## YOUR GOAL
With the first line below as the start and the line containing "Camisola rosa claro" as the end, copy every line between them exactly, ends included.

* * *

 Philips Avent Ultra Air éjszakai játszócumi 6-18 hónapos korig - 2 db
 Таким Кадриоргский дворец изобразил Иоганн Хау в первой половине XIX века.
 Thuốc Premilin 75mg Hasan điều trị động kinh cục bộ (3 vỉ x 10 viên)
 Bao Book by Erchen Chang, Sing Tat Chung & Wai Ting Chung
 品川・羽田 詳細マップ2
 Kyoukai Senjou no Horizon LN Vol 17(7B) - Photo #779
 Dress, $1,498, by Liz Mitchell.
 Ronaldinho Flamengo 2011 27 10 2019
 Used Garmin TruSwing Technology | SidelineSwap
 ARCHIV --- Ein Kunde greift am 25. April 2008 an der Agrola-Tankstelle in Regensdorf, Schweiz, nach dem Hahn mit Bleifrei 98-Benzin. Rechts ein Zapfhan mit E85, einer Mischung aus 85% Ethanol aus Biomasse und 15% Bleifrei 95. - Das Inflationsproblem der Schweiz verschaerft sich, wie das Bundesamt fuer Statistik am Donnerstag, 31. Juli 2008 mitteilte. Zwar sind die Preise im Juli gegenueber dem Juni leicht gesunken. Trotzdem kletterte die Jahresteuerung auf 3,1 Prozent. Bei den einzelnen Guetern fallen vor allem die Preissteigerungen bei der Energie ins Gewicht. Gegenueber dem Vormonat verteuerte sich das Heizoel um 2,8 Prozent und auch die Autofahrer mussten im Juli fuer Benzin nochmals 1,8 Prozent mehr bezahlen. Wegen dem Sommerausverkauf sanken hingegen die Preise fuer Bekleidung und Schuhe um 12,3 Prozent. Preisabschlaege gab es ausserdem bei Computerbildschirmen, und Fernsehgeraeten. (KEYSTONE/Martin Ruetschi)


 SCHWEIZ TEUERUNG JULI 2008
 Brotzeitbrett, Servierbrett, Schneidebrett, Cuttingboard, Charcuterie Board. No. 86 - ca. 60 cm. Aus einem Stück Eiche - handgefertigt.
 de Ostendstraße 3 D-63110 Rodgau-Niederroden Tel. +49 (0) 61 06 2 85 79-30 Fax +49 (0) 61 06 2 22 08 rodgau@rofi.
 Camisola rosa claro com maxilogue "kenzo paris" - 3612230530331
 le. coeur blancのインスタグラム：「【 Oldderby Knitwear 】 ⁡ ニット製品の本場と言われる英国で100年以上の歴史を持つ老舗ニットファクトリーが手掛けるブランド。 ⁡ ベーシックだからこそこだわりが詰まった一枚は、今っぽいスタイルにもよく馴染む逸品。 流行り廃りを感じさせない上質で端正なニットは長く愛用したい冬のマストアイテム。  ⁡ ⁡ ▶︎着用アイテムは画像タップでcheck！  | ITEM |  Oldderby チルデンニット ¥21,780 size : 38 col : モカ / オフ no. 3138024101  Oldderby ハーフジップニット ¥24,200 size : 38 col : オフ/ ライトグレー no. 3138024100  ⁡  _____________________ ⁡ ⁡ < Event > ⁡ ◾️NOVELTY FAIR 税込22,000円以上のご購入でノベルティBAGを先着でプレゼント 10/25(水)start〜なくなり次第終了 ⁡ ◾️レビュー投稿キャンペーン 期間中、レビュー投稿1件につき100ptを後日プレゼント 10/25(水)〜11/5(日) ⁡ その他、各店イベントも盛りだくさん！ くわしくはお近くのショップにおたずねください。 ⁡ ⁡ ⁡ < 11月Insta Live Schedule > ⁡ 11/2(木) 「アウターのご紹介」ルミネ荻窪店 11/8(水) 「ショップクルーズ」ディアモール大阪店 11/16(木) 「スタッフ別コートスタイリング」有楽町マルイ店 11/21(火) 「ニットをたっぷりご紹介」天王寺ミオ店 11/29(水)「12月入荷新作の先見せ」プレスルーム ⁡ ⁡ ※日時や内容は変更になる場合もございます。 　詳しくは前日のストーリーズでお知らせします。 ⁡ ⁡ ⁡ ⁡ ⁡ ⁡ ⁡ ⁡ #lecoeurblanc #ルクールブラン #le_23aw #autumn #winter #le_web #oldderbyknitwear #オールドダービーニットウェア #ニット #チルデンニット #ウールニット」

* * *

## OUTPUT BELOW
 Philips Avent Ultra Air éjszakai játszócumi 6-18 hónapos korig - 2 db
 Таким Кадриоргский дворец изобразил Иоганн Хау в первой половине XIX века.
 Thuốc Premilin 75mg Hasan điều trị động kinh cục bộ (3 vỉ x 10 viên)
 Bao Book by Erchen Chang, Sing Tat Chung & Wai Ting Chung
 品川・羽田 詳細マップ2
 Kyoukai Senjou no Horizon LN Vol 17(7B) - Photo #779
 Dress, $1,498, by Liz Mitchell.
 Ronaldinho Flamengo 2011 27 10 2019
 Used Garmin TruSwing Technology | SidelineSwap
 ARCHIV --- Ein Kunde greift am 25. April 2008 an der Agrola-Tankstelle in Regensdorf, Schweiz, nach dem Hahn mit Bleifrei 98-Benzin. Rechts ein Zapfhan mit E85, einer Mischung aus 85% Ethanol aus Biomasse und 15% Bleifrei 95. - Das Inflationsproblem der Schweiz verschaerft sich, wie das Bundesamt fuer Statistik am Donnerstag, 31. Juli 2008 mitteilte. Zwar sind die Preise im Juli gegenueber dem Juni leicht gesunken. Trotzdem kletterte die Jahresteuerung auf 3,1 Prozent. Bei den einzelnen Guetern fallen vor allem die Preissteigerungen bei der Energie ins Gewicht. Gegenueber dem Vormonat verteuerte sich das Heizoel um 2,8 Prozent und auch die Autofahrer mussten im Juli fuer Benzin nochmals 1,8 Prozent mehr bezahlen. Wegen dem Sommerausverkauf sanken hingegen die Preise fuer Bekleidung und Schuhe um 12,3 Prozent. Preisabschlaege gab es ausserdem bei Computerbildschirmen, und Fernsehgeraeten. (KEYSTONE/Martin Ruetschi)


 SCHWEIZ TEUERUNG JULI 2008
 Brotzeitbrett, Servierbrett, Schneidebrett, Cuttingboard, Charcuterie Board. No. 86 - ca. 60 cm. Aus einem Stück Eiche - handgefertigt.
 de Ostendstraße 3 D-63110 Rodgau-Niederroden Tel. +49 (0) 61 06 2 85 79-30 Fax +49 (0) 61 06 2 22 08 rodgau@rofi.
 Camisola rosa claro com maxilogue "kenzo paris" - 3612230530331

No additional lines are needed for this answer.